Segment Start: Information

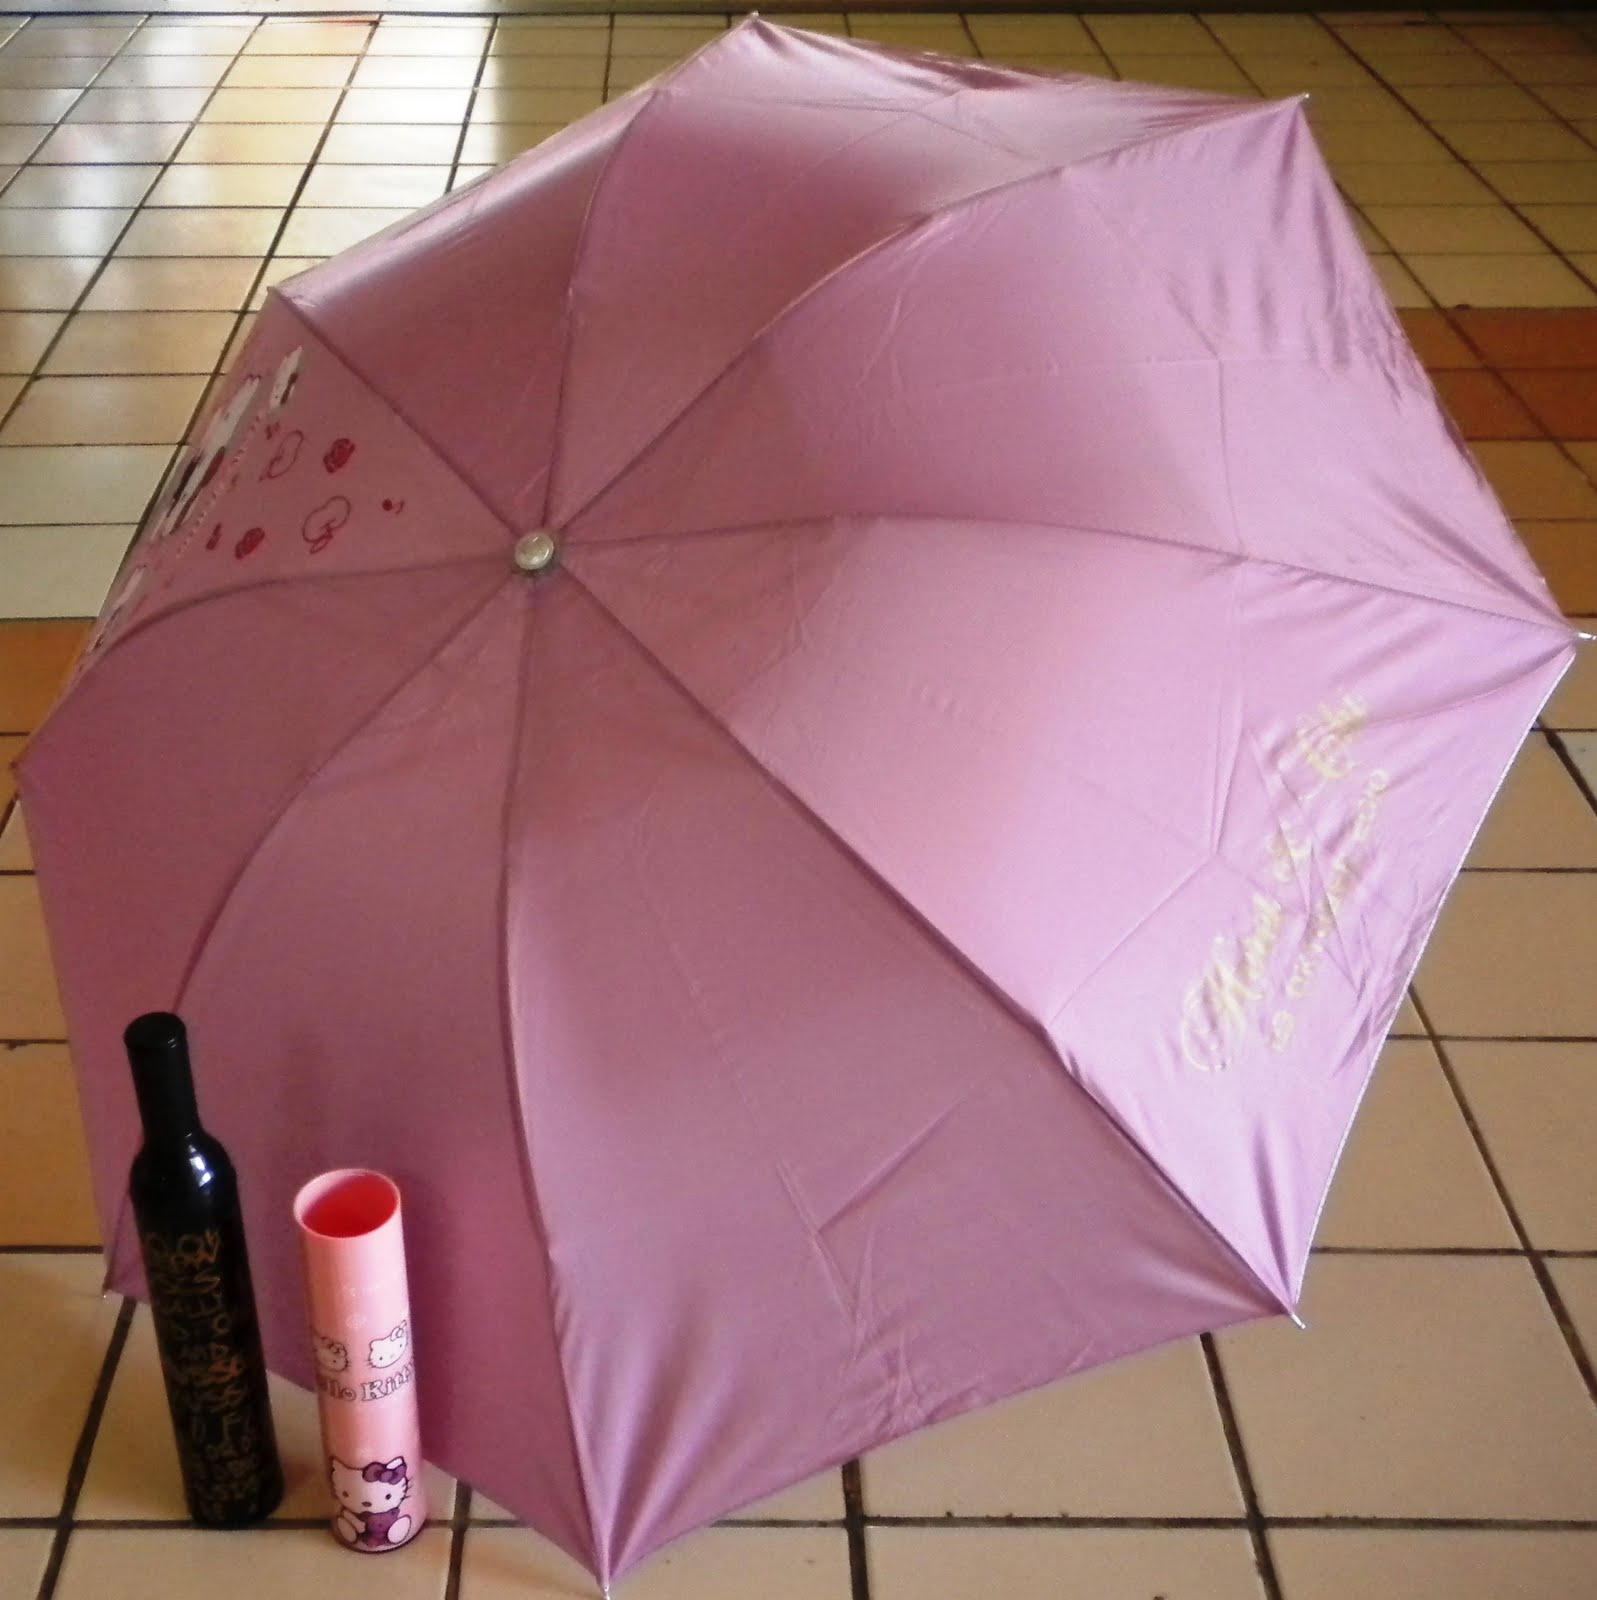 CONTOH SABLON Payung / Umbrella Stencil Examples, All Models
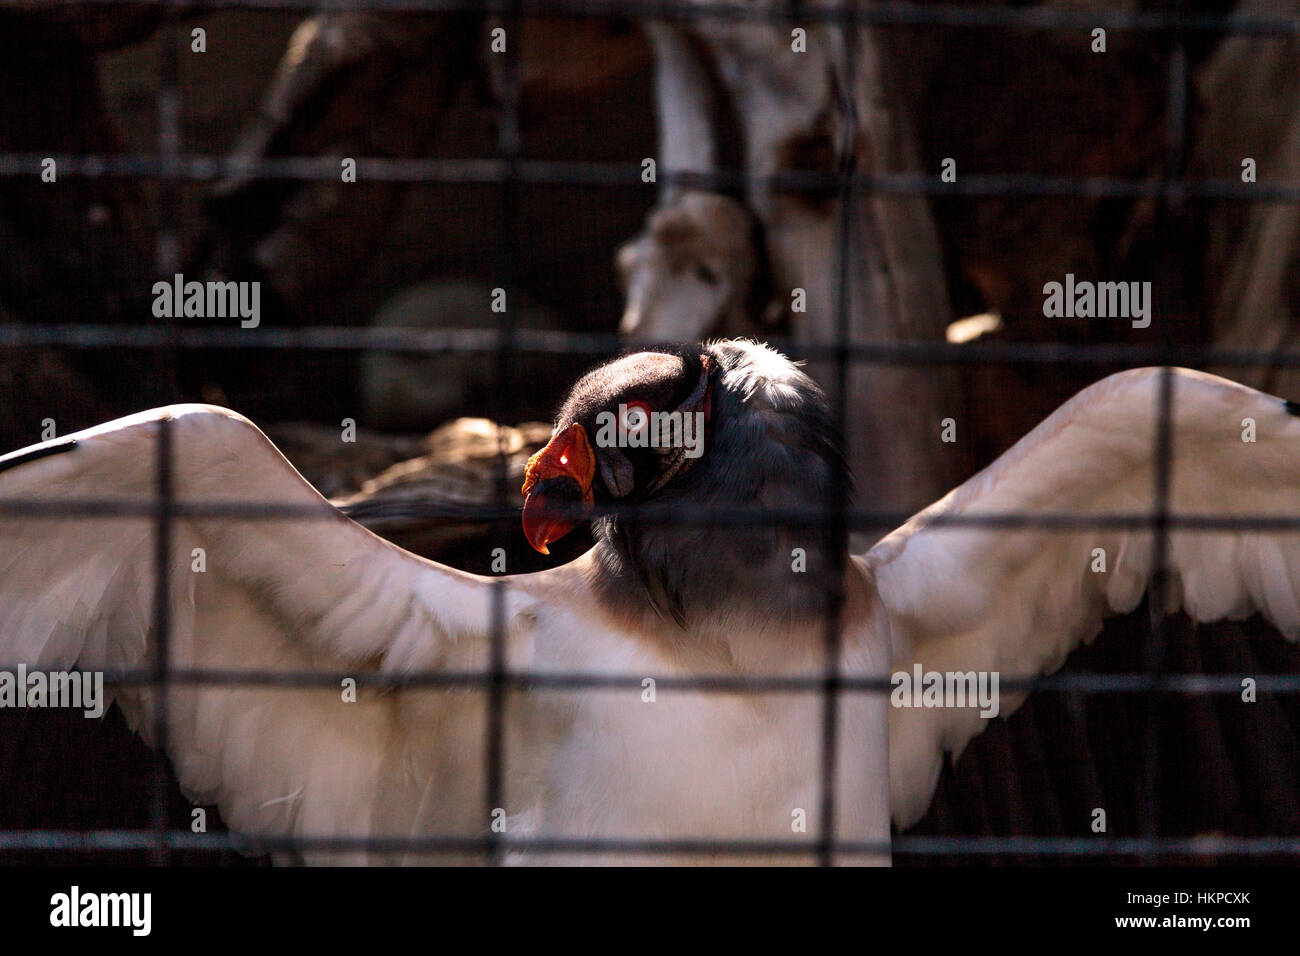 King vulture, Sarcoramphus papa, se trouve derrière les barreaux, écartant ses ailes. Banque D'Images
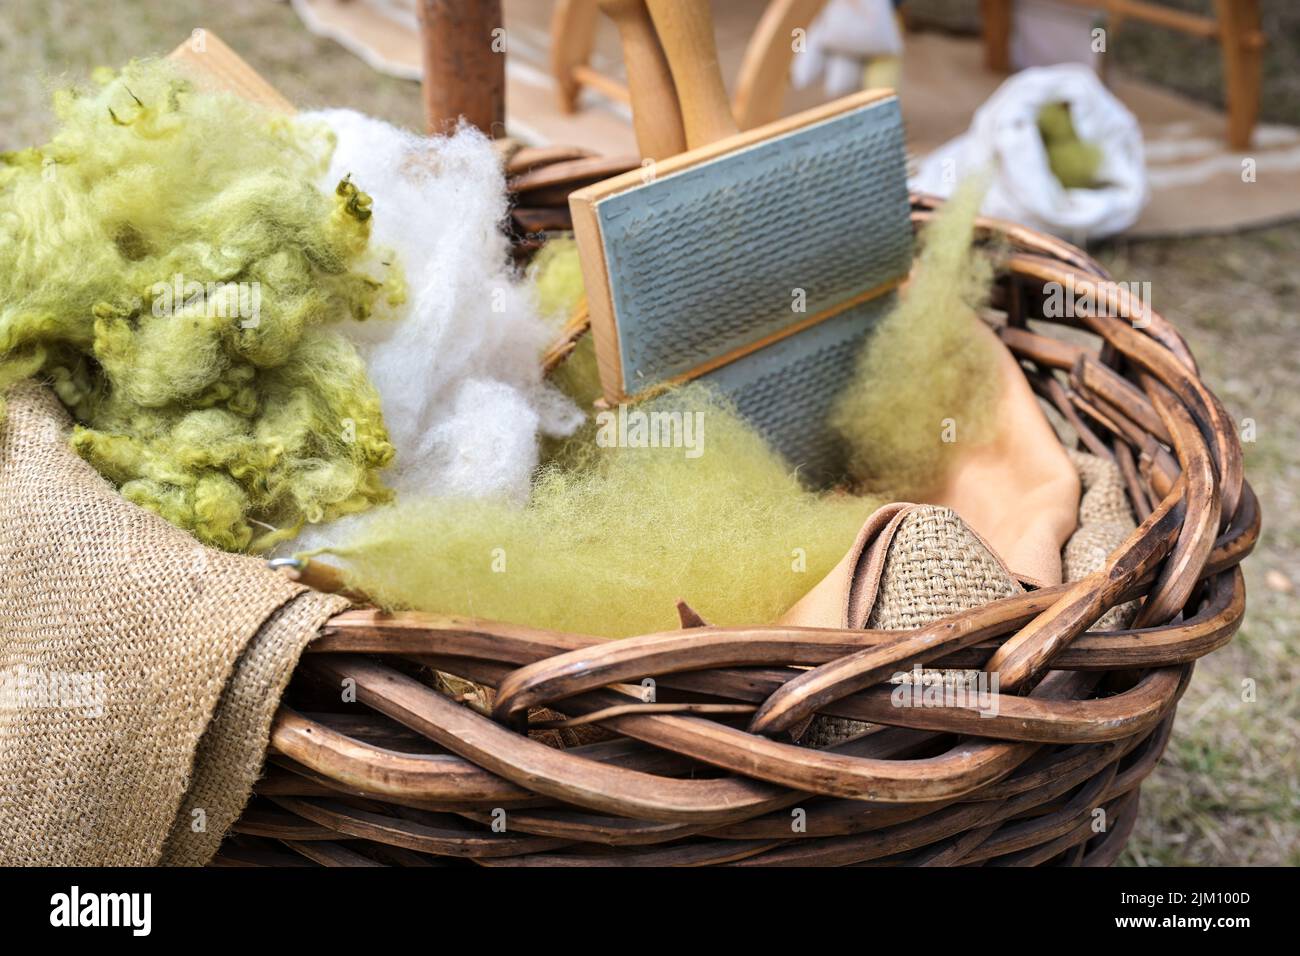 Weiße und grüne Wolle, ungepflegt und mit einer Handkarte in einem Korb brüllt, Vorbereitung zum Spinnen, ausgewählter Fokus, enge Schärfentiefe Stockfoto
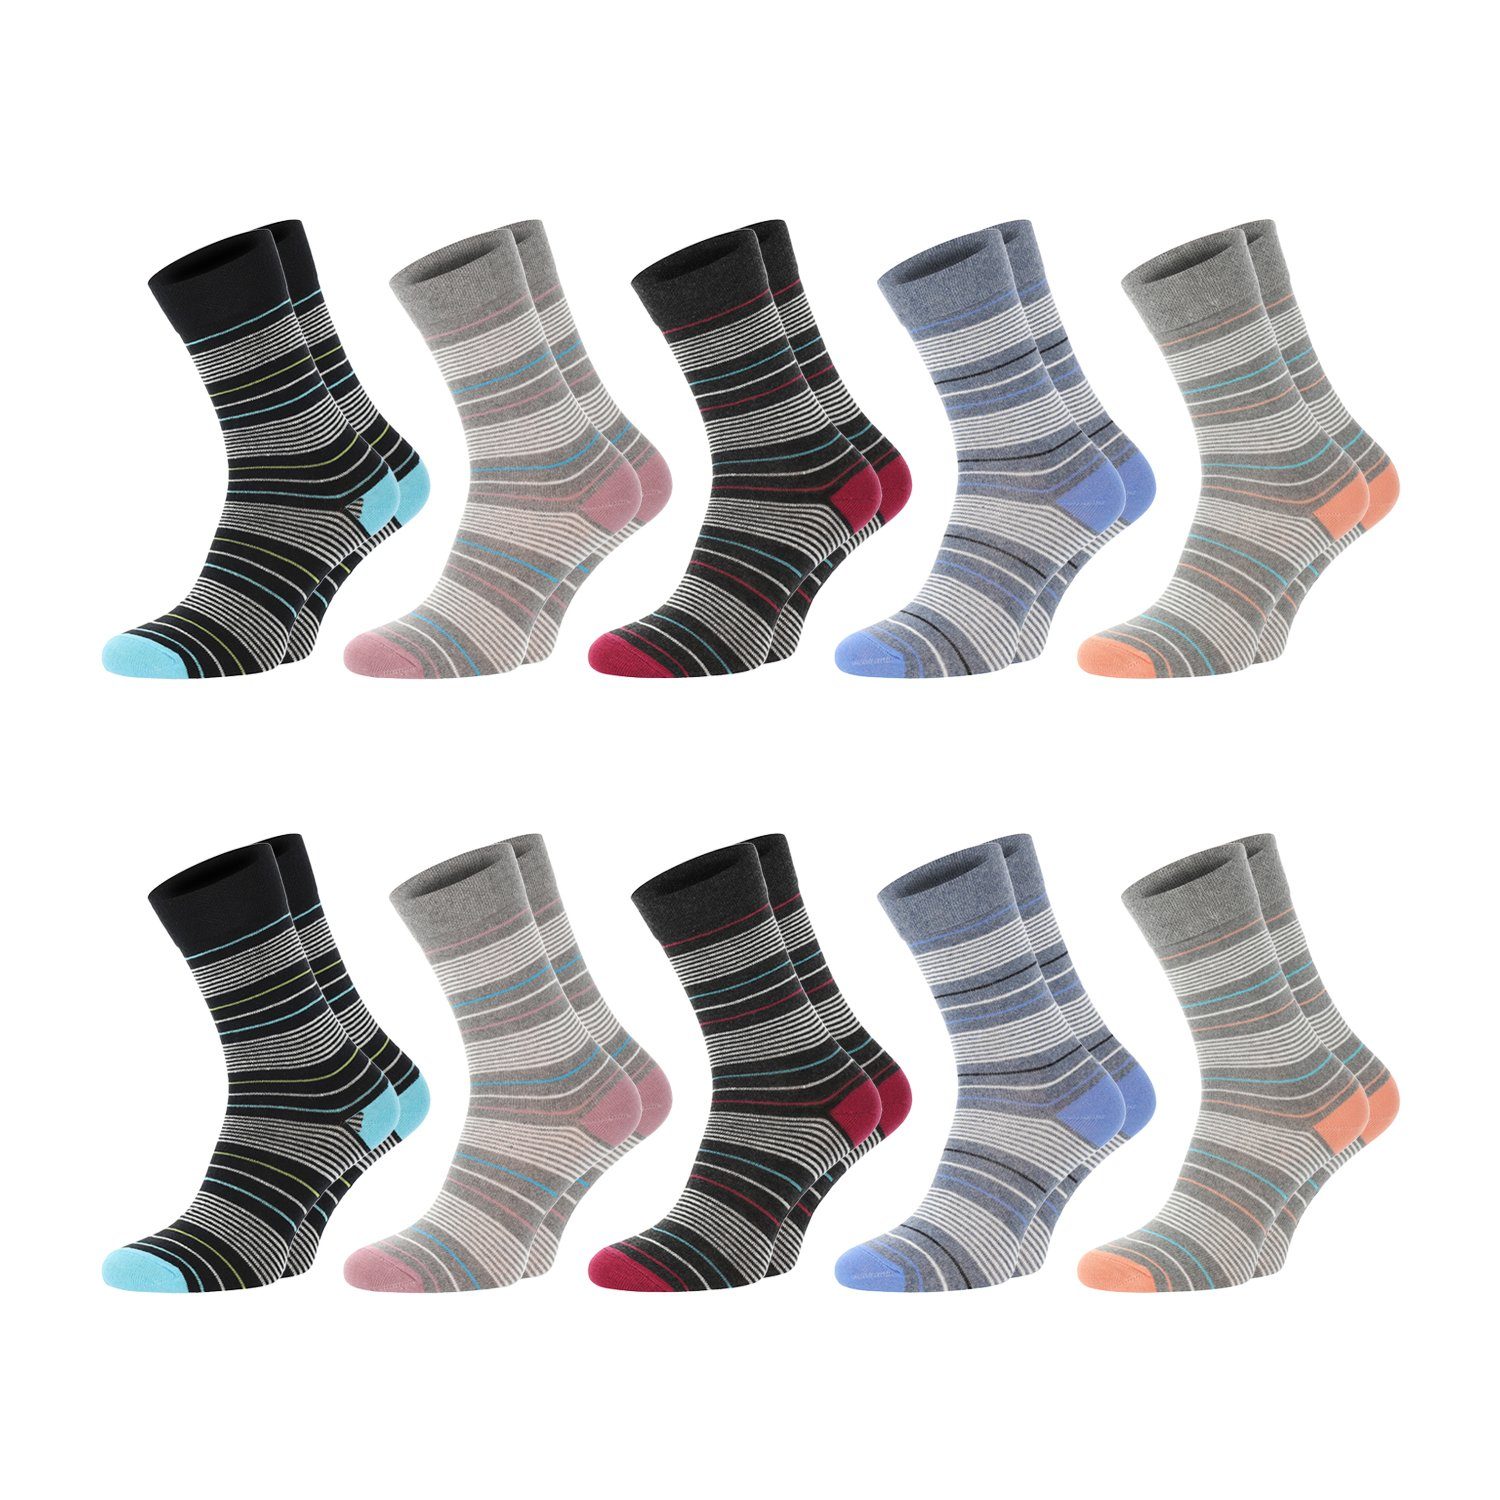 Chili Lifestyle Strümpfe Socken Streifen Design, 10 Paar, Damen, Baumwolle, Schwarz, Blau, Grau
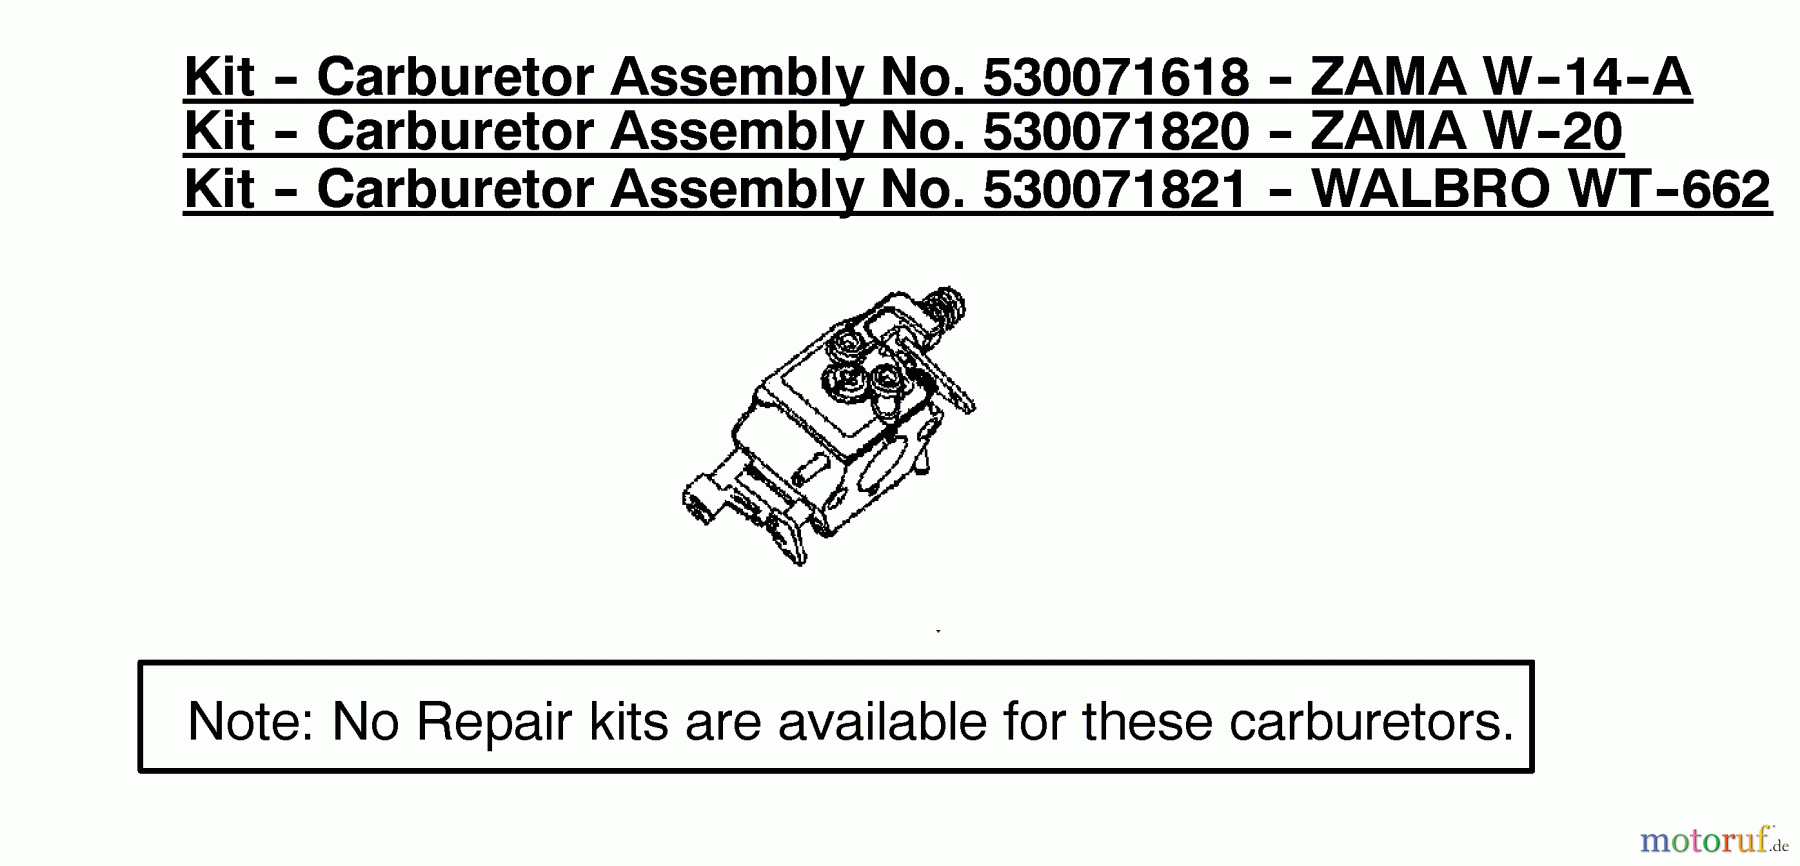  Poulan / Weed Eater Motorsägen 1975LE (Type 2) - Poulan Woodshark Chainsaw Kit-Carburetor Assembly 530071618/530071820/53007182

Segment End: Information

Your objective: The copy starts at the line holding "King vulture, Sarcoramphus" and ends at the last line of the records above. Transcribe those lines exactly, pictures excluded.

Answer to the exercise:
 King vulture, Sarcoramphus papa, se trouve derrière les barreaux, écartant ses ailes. Banque D'Images
 Weiße und grüne Wolle, ungepflegt und mit einer Handkarte in einem Korb brüllt, Vorbereitung zum Spinnen, ausgewählter Fokus, enge Schärfentiefe Stockfoto
 Chili Lifestyle Strümpfe Socken Streifen Design, 10 Paar, Damen, Baumwolle, Schwarz, Blau, Grau
  Poulan / Weed Eater Motorsägen 1975LE (Type 2) - Poulan Woodshark Chainsaw Kit-Carburetor Assembly 530071618/530071820/53007182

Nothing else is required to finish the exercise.